To get Pingdom to automatically update a component on statuspage.io, you must:

  1. In statuspage, click on the “automation” button next to the component that should be updated by Pingdom. It will list the “specific email address for this component” which will look something like this: component+73ec22b4-dfd4-492b-xy59-91c7ab112f3a@notifications.statuspage.io.
  2. Copy that email address and go to the Pingdom admin page.
  3. Go to the “Alert contacts” section of the “Users” page on Pingdom.
  4. Check to see if there is already an “Alert Contact” for the statuspage component in question. If there is not, create one.
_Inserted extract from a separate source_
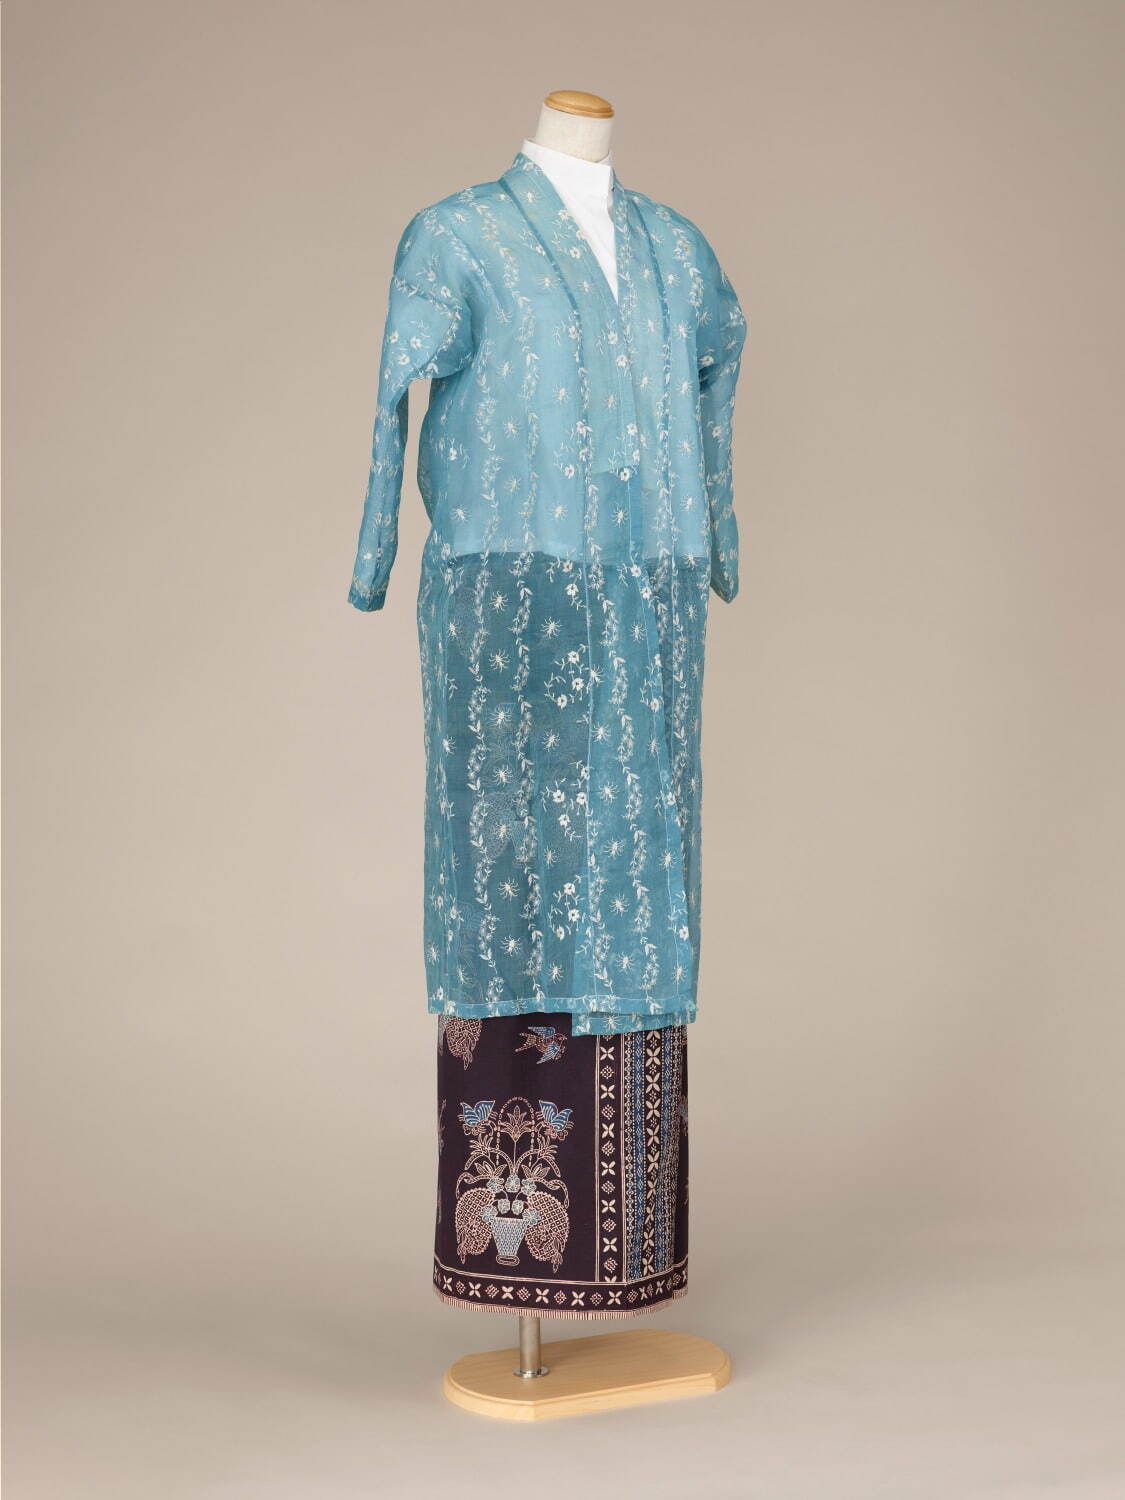 上衣 1920-1930年代 腰衣 19世紀後期-20世紀初期

If there is, edit it.
  5. Make sure the email address of the “Alert contact” is the one you copied from statuspage.io.
  6. Click on “Test alert settings”.
  7. Go back to the component on the statuspage.io site. Click on automation again and you should see the test mail from Pingdom appear in the dialog.

TIP: Note that, if you edit or change a component on statuspage.io- it will generate a new email address and break the linkage between Pingdom and statuspage.io unless you update the pingdom alert contact’s email address again with the new statuspage component email.